Вспомнив это, я покачал головой и усмехнулся.
– Нет, такого я и в самом деле не могу себе представить, – пробормотал я. – А если бы и мог, было бы очень жаль – я так люблю жизнь!
– Что ты сказал? – спросила тетя.
– Да так, ничего, – махнул я рукой. – Просто подумалось вслух.
– О Кадетке?
– И о ней тоже, – кивнул я. – Наверное, когда-нибудь я напишу о ней, несмотря на все эти случайные совпадения, которые меня так смущают. Главную-то роль все-таки сыграли две страшные случайности – две мировые войны.
– Значит, напишешь? – обрадовалась тетя.
– Напишу. И ты будешь сердиться, потому что не все будет так, как было на самом деле. Может, и мне придется соврать, как пришлось тебе.

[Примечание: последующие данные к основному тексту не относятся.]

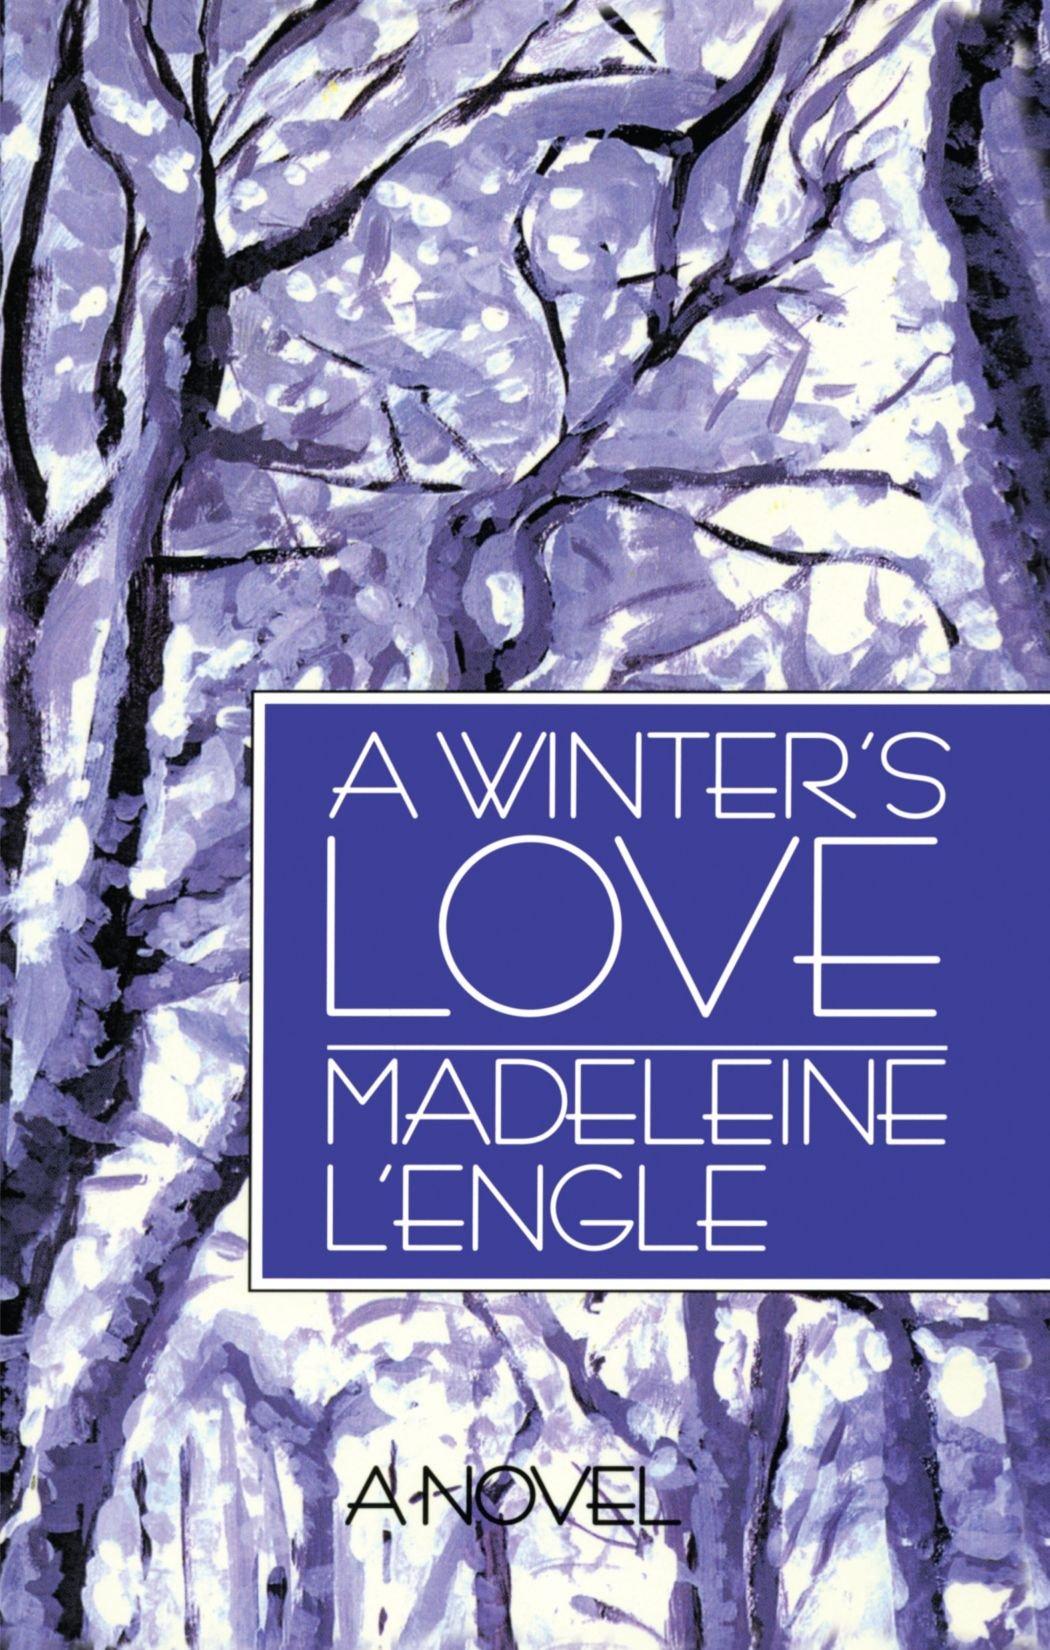 Amazon: A Winter's Love (wheaton Literary) (9780877888895): Madeleine  L'engle: Books

– Только чтобы было красиво!
– Если будет верно, то будет и красиво, – сказал я и встал. Мы пошли вниз по Отцову лугу. На Нижней поляне мы остановились и еще раз обвели глазами долину, откуда доносились голоса и звуки работы. Подземлич по-прежнему стоял на скале, нависшей над омутом, размахивал руками и что-то кричал, подгоняя односельчан. Пара лошадей цокала подковами по дороге, Идрийца шумела, птицы пели, и все сливалось в единый громкоголосый пульс жизни. Мне почудилось, будто я стою в центре огромного сердца. О, это был такой прекрасный весенний день, светлый и звонкий, точно отлитый из чистого серебра.
БАЛЛАДА О ТРУБЕ И ОБЛАКЕ
© Перевод А. Романенко
I
Печально пела труба, и в голубом небе безмятежно плыло белое облако.
А чуть погодя…
Вначале все было очень просто и даже хорошо.
Они поставили на пол чемодан, рюкзак и пишущую машинку. Комната выглядела уютной, но немного темной. Быть может, она только казалась темной, потому что снаружи все было залито огненными лучами яркого послеполуденного солнца, отвесно падавшими с синего неба.

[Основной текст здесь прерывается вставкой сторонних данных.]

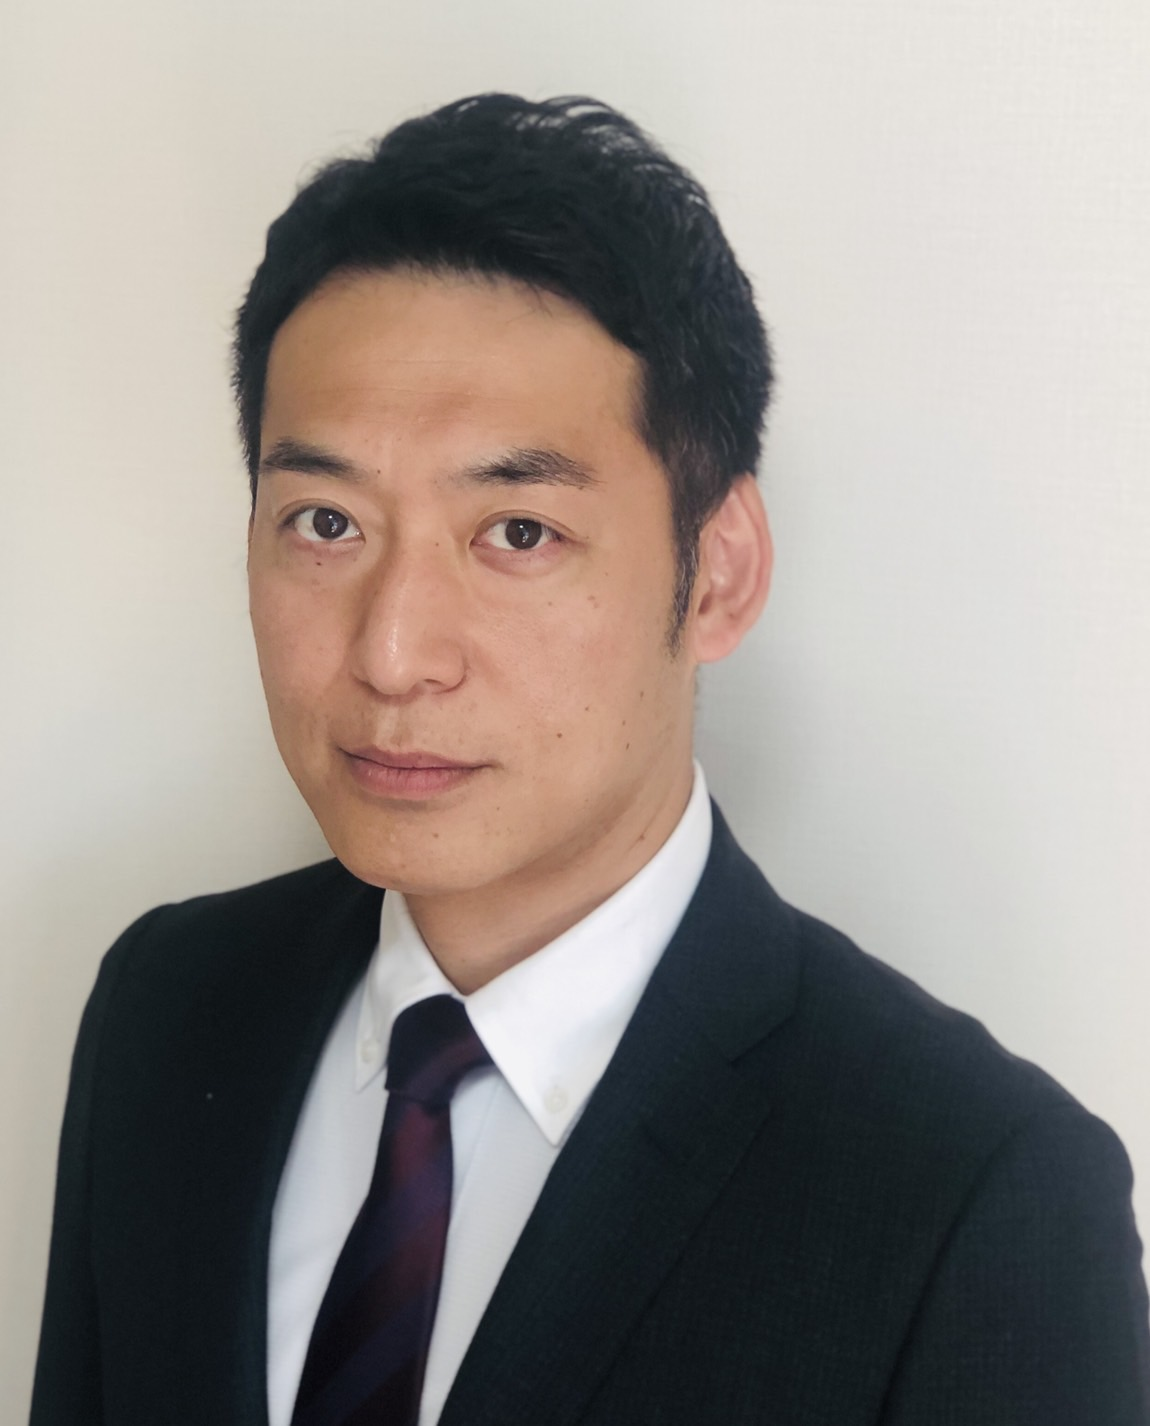 Masahiro Matsushita (002)

Хозяин ладонью вытер лоб и ленивым движением стряхнул со лба капли пота. Потом, прислонившись к подоконнику, почесал заросший подбородок. Это был высокий, тощий крестьянин, голый до пояса, в коротких штанах; он стоял в проеме окна, выходившего в узкий внутренний двор, куда падал поток ослепительного солнечного света, и поэтому был темным, почти черным.

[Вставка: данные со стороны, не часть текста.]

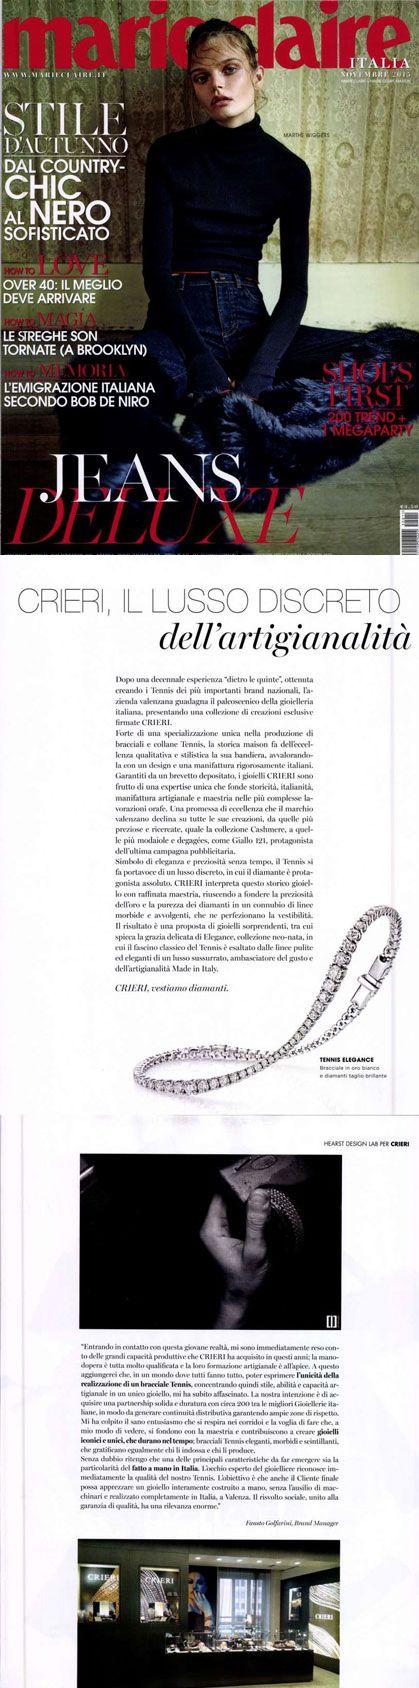 ❖Visto su #MARIECLAIRE – 01/11/2015❖ #Elegance collection. #tennis #bracelets #trendy #jewelry #fashion #gold #valenza #crieri #vestiamodiamanti #tennispassion #tennisclub #glamour #chic #lifestyle

Петер Майцен сразу подошел к столу, лишь мельком посмотрел на него. Взглянул машинально, по привычке. И так же быстро определил: «Почерневшая готическая статуя великомученика несколько увеличенных размеров».
Он решил, что сравнение удачно, но тут же и это сравнение, и сам человек стали ему безразличны. Голову переполняло множество образов, и на душе было слишком радостно. Он стремительно взялся за расшатанный стол и начал двигать его по неровному полу, чтоб установить покрепче.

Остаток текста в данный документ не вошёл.